Moreover, observe that:

$$\lim_{x \to +\infty} \frac{ \sin \left( \frac{1}{x} \right)}{\left( \frac{1}{x} \right)} = 1.$$

This means that your function "is equal to $1$" for $x \to +\infty$. Numerically, $x \to +\infty$ stands for a huge number.

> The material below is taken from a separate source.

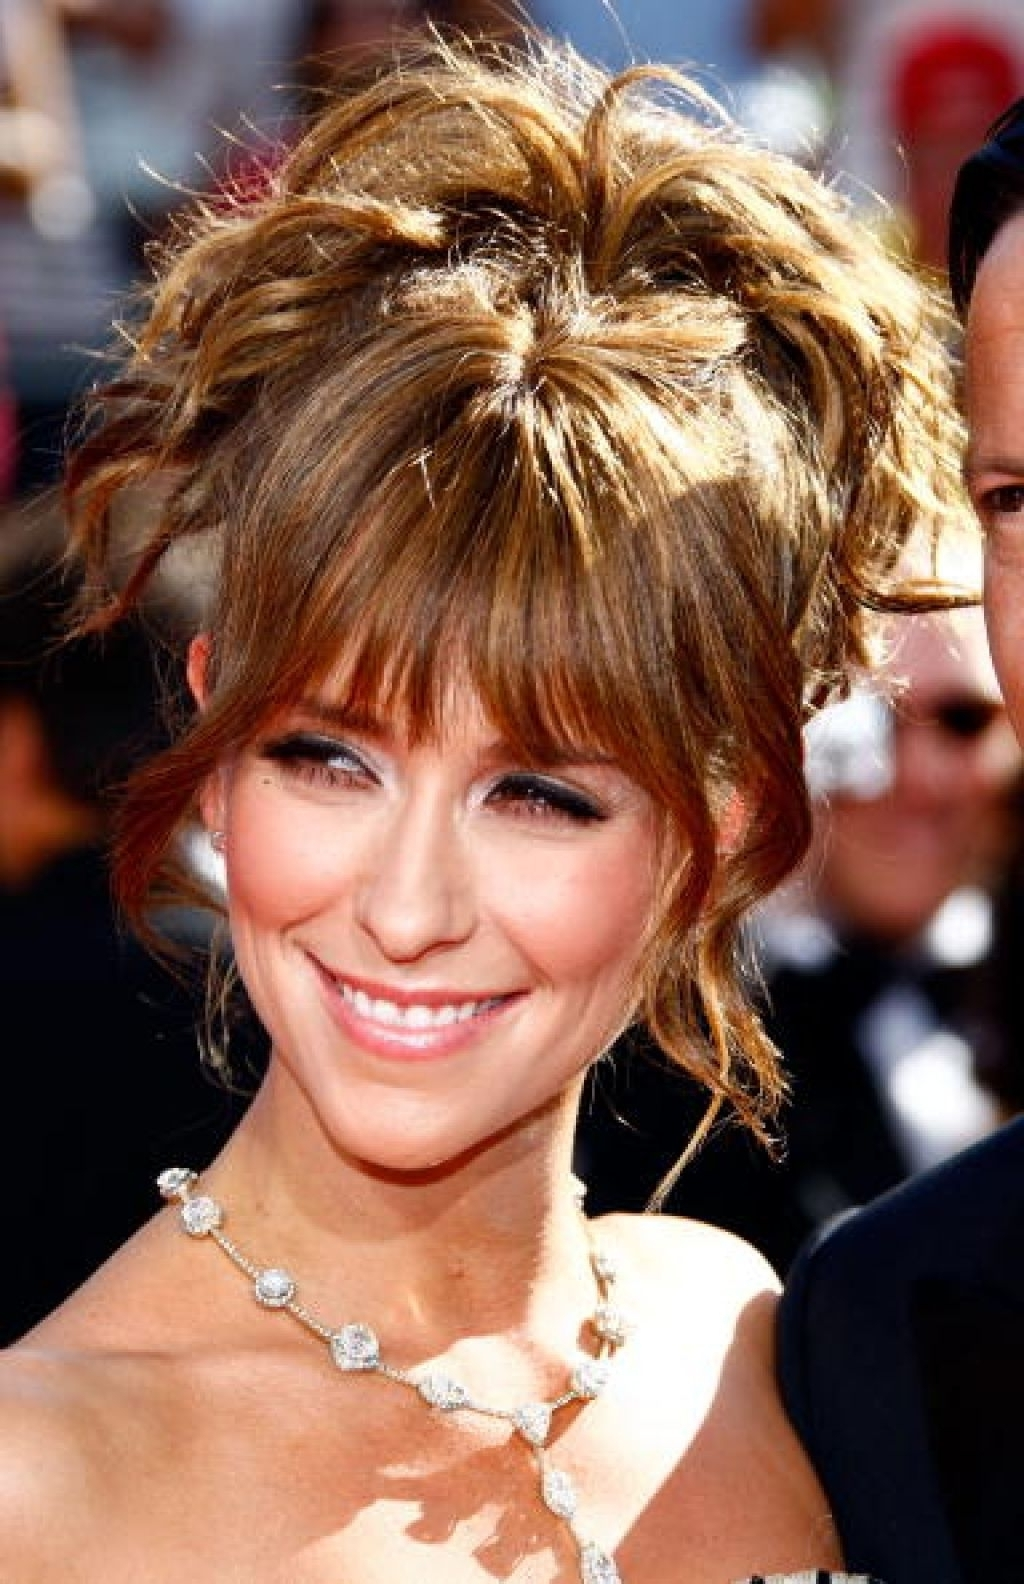 Updo Hairstyles With Bangs – Women Medium Haircut Within Updo Hairstyles With Bangs (View 12 of 15)

The solution provided by Wolfram ($x \approx 5.16\cdot 10^{15}$) is indeed a huge number.

Answer 2

Consider substituting \frac{1}{x}:

$$ x \cdot \sin \left( \frac{1}{x} \right) = 1\\ \iff\\ \sin \left( \frac{1}{x} \right) = \frac{1}{x}\\ \iff\\ \sin (z) = z\\ $$

This is only satisfied if $z=0$, implying $x=\infty$, which is what wolfram was trying to say.

Answer 3

$$x \sin (1/x) =1 \implies \sin (\frac{1}{x})=\frac{1}{x} \implies \sin y =y.$$ But $$y > \sin y,~ if ~ y>0 ;~ y < \sin y ~ ~ if ~ ~ y<0.$$~ The only solution the last equation may have is $y=0$, but it is not allowed here as it would mean $x=\infty$. So the given equation cannot have a real root.